Some have concluded that a paranoid Castro walked into a trap laid by Bush. After 44 years of economic siege, mercenary invasion, assassination attempts, terrorist attacks and biological warfare from their northern neighbor, it might be thought the Cuban leadership had some reason to feel paranoid. But perhaps significantly, the US has in the past few weeks adopted a more cooperative stance, returning 15 hijackers to Cuba and warning Cubans that they should only come to the US through "existing legal channels", which allow around 20,000 visas a year.
And however grim the Cuban crackdown, it beggars belief that the denunciations have been led by the US and its closest European allies in the "war on terror". Not only has the US sentenced five Cubans to between 15 years and life for trying to track anti-Cuban, Miami-based terrorist groups and carried out over 70 executions of its own in the past year, but (along with Britain) supports other states, in the Middle East and Central Asia for example, which have thousands of political prisoners and carry out routine torture and executions. And, of course, the worst human rights abuses on the island of Cuba are not carried under Castro's aegis at all, but in the Guantanamo base occupied against Cuba's will, where the US has interned 600 prisoners without charge for 18 months, who it now plans to try in secret and possibly execute - without even the legal rights afforded to Cuba's jailed oppositionists.
Which only goes to reinforce what has long been obvious: that US hostility to Cuba does not stem from the regime's human rights failings, but its social and political successes and the challenge its unyielding independence offers to other US and western satellite states.

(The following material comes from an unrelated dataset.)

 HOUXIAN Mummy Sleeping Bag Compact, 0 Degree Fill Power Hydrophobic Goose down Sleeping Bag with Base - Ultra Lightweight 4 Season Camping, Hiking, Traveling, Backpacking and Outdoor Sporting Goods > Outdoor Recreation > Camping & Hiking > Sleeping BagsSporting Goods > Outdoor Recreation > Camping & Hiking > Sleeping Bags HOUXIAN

Saddled with a siege economy and a wartime political culture for more than 40 years, Cuba has achieved first world health and education standards in a third world country, its infant mortality and literacy rates now rivaling or outstripping those of the US, its class sizes a third smaller than in Britain - while next door, in the US-backed "democracy" of Haiti, half the population is unable to read and infant mortality is over 10 times higher. Those, too, are human rights, recognized by the UN declaration and European convention. Despite the catastrophic withdrawal of Soviet support more than a decade ago and the social damage wrought by dollarization and mass tourism, Cuba has developed biotechnology and pharmaceutical industries acknowledged by the US to be the most advanced in Latin America. Meanwhile, it has sent 50,000 doctors to work for free in 93 third world countries (currently there are 1,000 working in Venezuela's slums) and given a free university education to 1,000 third world students a year. How much of that would survive a takeover by the Miami-backed opposition?

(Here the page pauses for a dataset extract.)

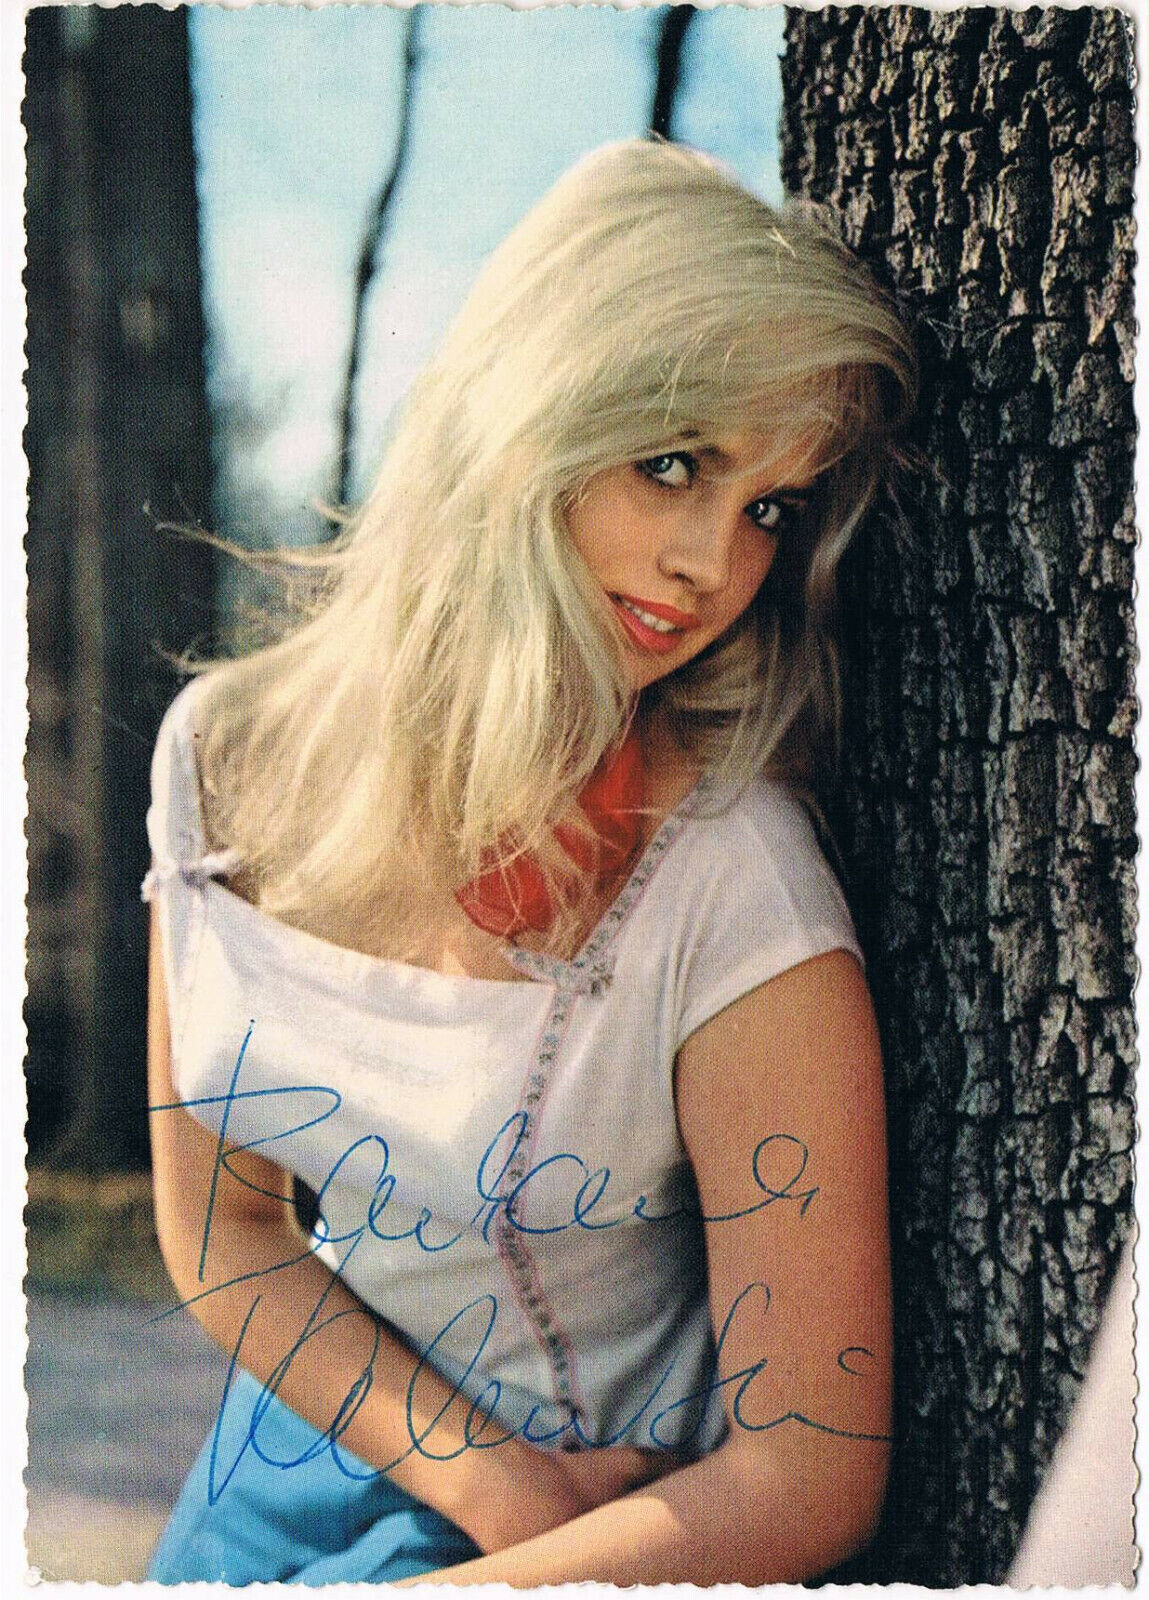 Barbara Valentin 1940-2002 autograph signed postcard Photo Poster painting 4x6

The historical importance of Cuba's struggle for social justice and sovereignty and its creative social mobilization will continue to echo beyond its time and place: from the self-sacrificing internationalism of Che to the crucial role played by Cuban troops in bringing an end to apartheid through the defeat of South Africa at Cuito Cuanavale in Angola in 1988. But those relying on the death of Castro (the "biological solution") to restore Cuba swiftly to its traditional proprietors may be disappointed, while the Iraq imbroglio may have checked the US neo-conservatives' enthusiasm for military intervention against a far more popular regime in Cuba. That suggests Cuba will have to expect yet more destabilization, further complicating the defense of the social and political gains of the revolution in the years to come. The greatest contribution those genuinely concerned about human rights and democracy in Cuba can make is to help get the US and its European friends off the Cubans' backs.